During this same period, average wages remained flat. That’s despite an increase in worker productivity of 15% and a boost in corporate profits of 13% per year.

Causes of Income Inequality

Job outsourcing, technology, and deregulation can contribute to income inequality.

Corporations are often blamed for putting profits ahead of workers. U.S. companies try to compete with lower-priced Chinese and Indian companies who pay their workers much less.

As a result, many companies have outsourced their high-tech and manufacturing jobs overseas. The United States lost 36% of its factory jobs from 1980 to 2020. These were traditionally higher-paying union jobs. Service jobs have increased, but these are much lower paid.

Technology also feeds income inequality. It has also replaced many workers in factory jobs. Those who have training in technology can get higher-paying jobs.

Education is can be a powerful factor in improving economic mobility. Over a lifetime, Americans with college degrees earn 84% more than those with only high school degrees.

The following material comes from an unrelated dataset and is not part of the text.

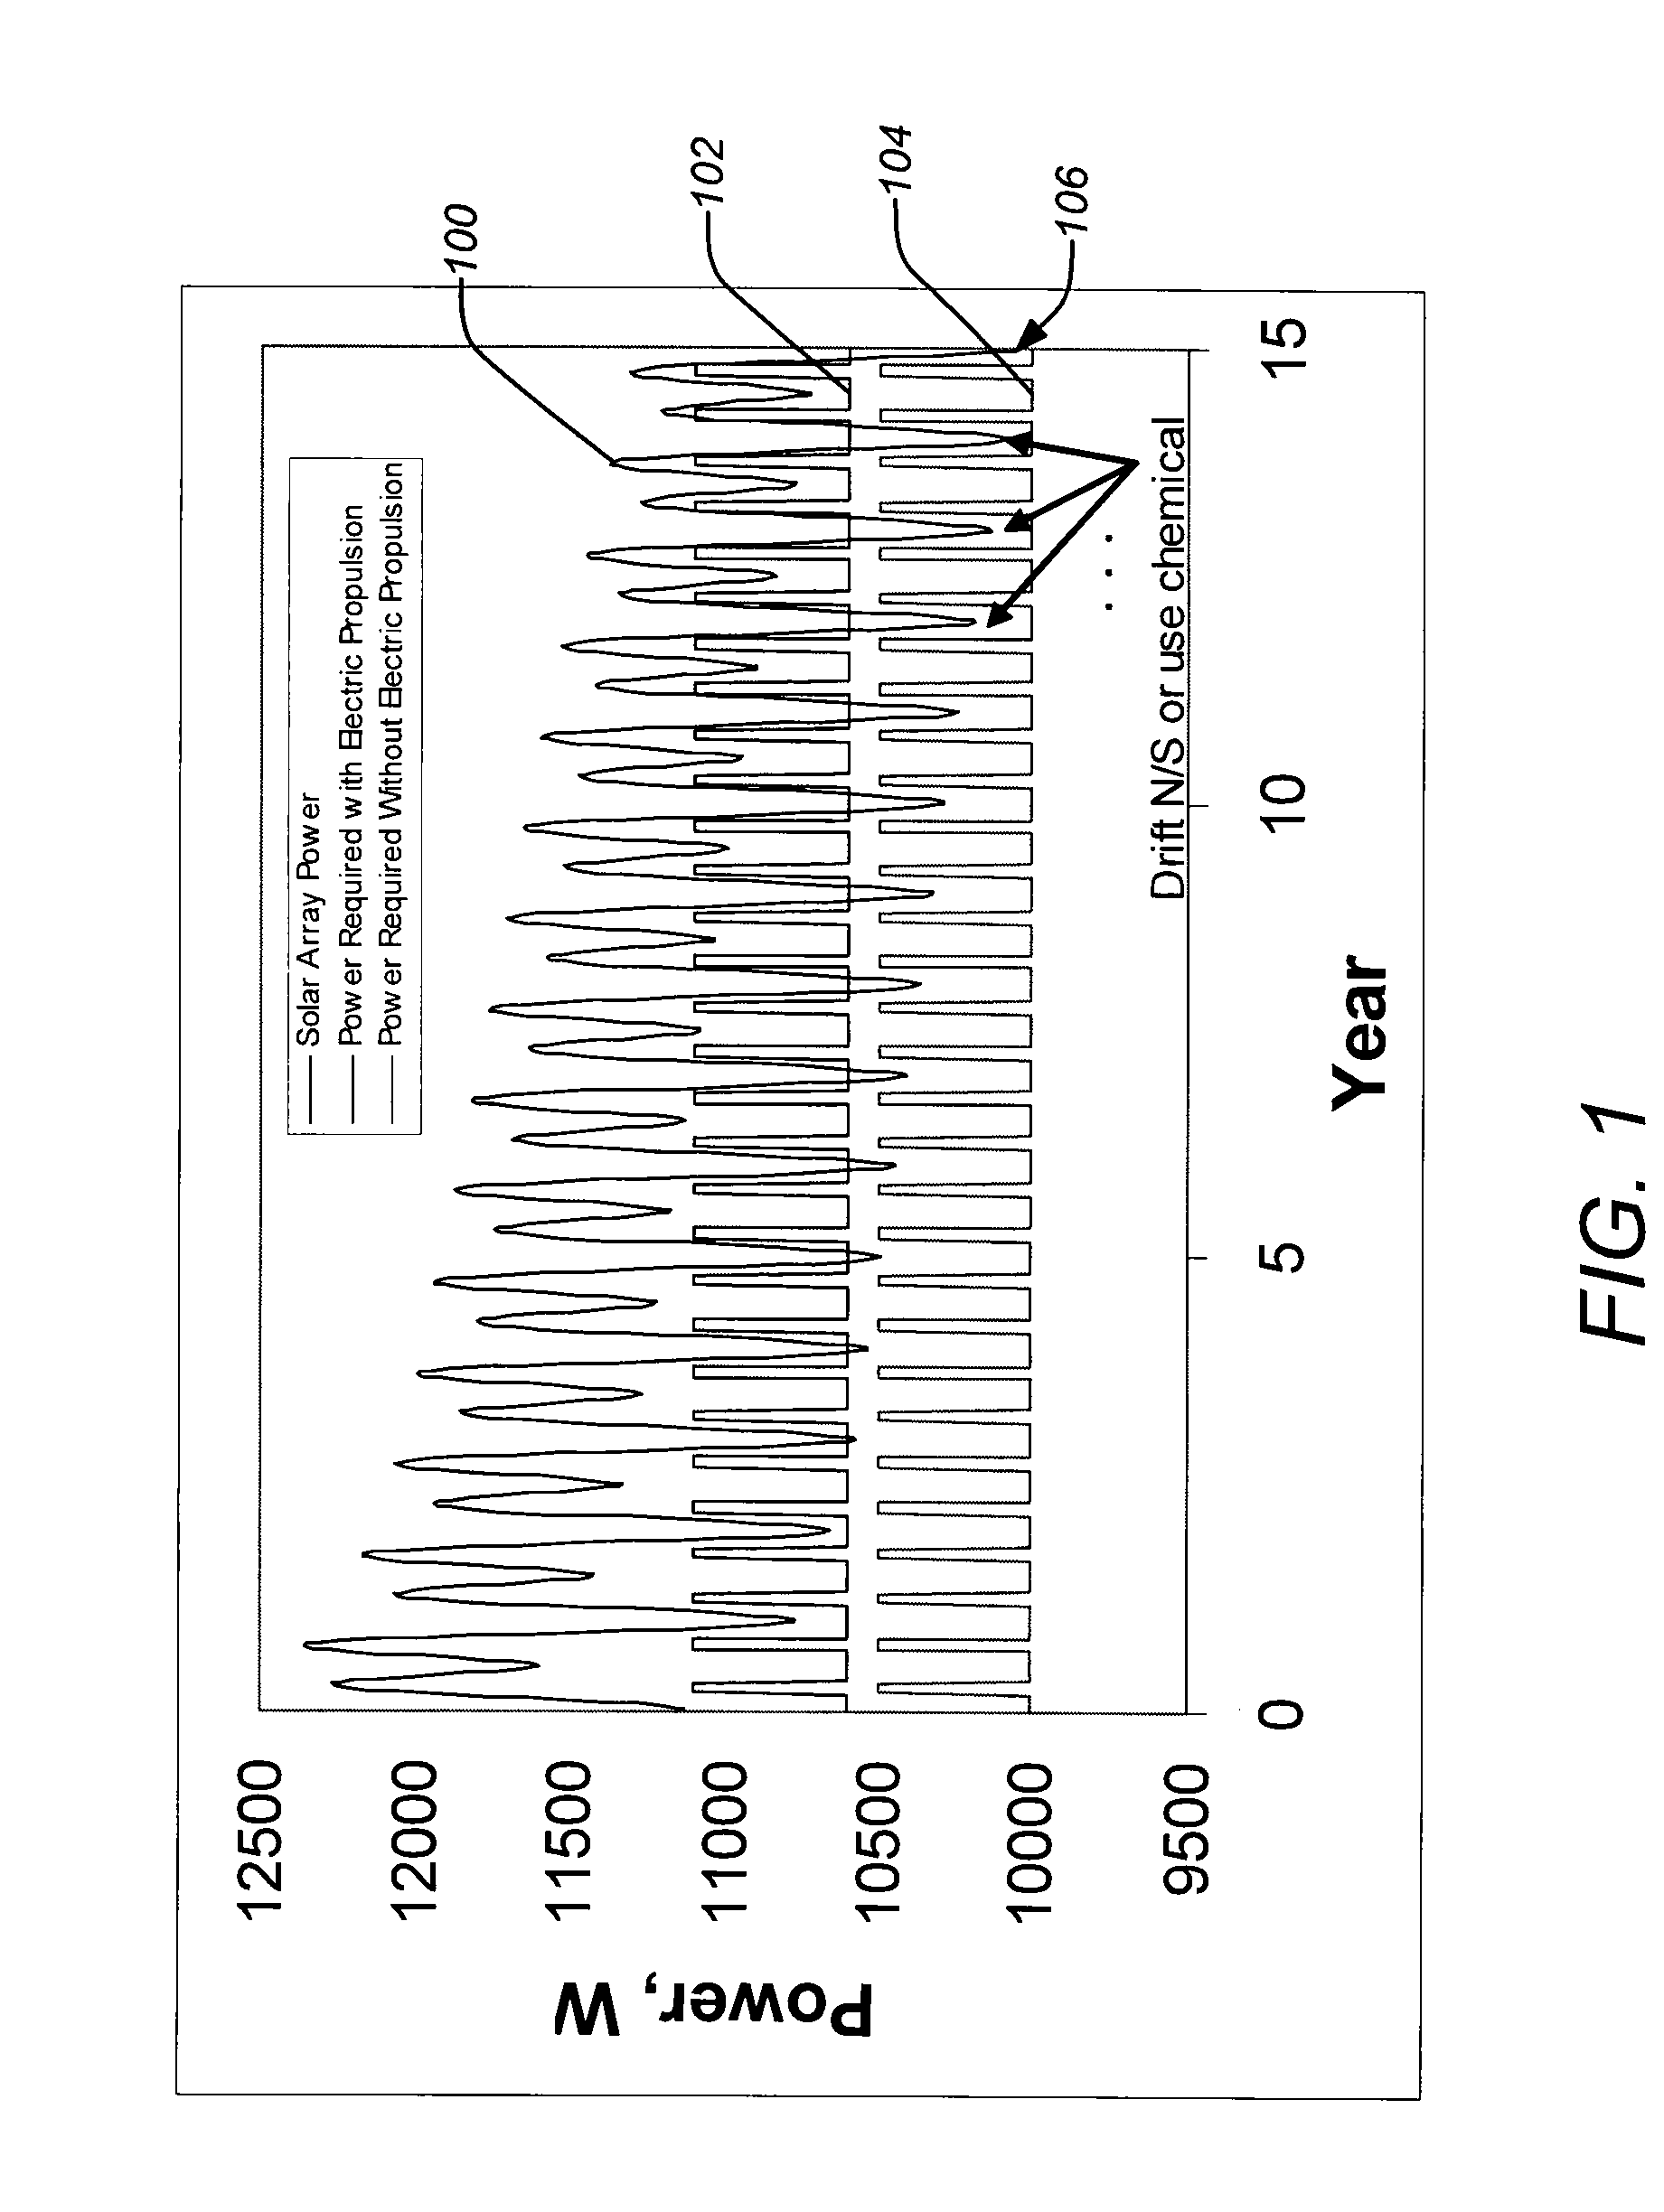 Power optimized system for electric propulsion stationkeeping geosynchronous spacecraft

A McKinsey study found that the achievement gap costs the U.S. economy more than all recessions from the 1970s through 2008.

Deregulation means less stringent investigations into labor disputes. That also benefits businesses more than wage earners.

During the 1990s, companies went public to gain more funds to invest in growth. Managers must now produce ever-larger profits to please stockholders. For most companies, payroll is the largest budget line item. Re-engineering has led to doing more with fewer full-time employees. It also means hiring more contract and temporary employees. Immigrants, many in the country illegally, fill more low-paid service positions. They have less bargaining power to demand higher wages.

In recent years, the Federal Reserve deserves some of the blame. Record-low interest rates were supposed to spur the housing market, making homes more affordable. While that is the case, housing prices have started to rise rapidly in recent years while wages have remained fairly flat.

The average American still doesn't have enough income to buy a home. This lack is especially true for younger people who typically form new households.

By keeping Treasury rates low, the Fed also created an asset bubble in stocks. This helped the top 10%, who own 84% of the wealth in stocks and bonds. Other investors have been buying commodities, driving food prices up 40% since 2009. This increase hurts the bottom 90%, who spend a greater percentage of their income on food.

A Global Perspective

Emerging markets such as Brazil, and India are becoming more competitive in the global marketplace. Their workforces are becoming more skilled and their economies are becoming more diverse. As a result, the wealth distribution is shifting.

This shift is about lessening global income inequality. The richest 1% of the world's population has 44% of its wealth. While Americans hold 25% of that wealth, China has 22% of the world's population and 8.8% of its wealth. India has 15% of its population and 4% of its wealth. As other countries become more developed, their wealth rises.

Frequently Asked Questions (FAQs)

How does income inequality affect the economy?

Wage inequality suppresses economic growth by shifting resources toward wealthy savers rather than lower- and middle-class spenders. Studies have shown that, when so much wealth is stowed away among high earners, it stifles aggregate demand by between 2% and 4% of gross domestic product.

Why has income inequality increased?

There are many reasons for the growing disparity in wages in the U.S. Economists have noted that, over the last 40-plus years, policies have largely failed to curb these trends. In particular, the federal minimum wage has lagged well behind economic growth, and support for unions and worker bargaining power has faltered.

Which nations have the highest levels of income inequality?

According to the most recent data from the United Nations University World Institute for Development Economics Research, Angola had the highest disparity of any country with a recorded Gini score in 2019. On the other end of the spectrum is Slovakia.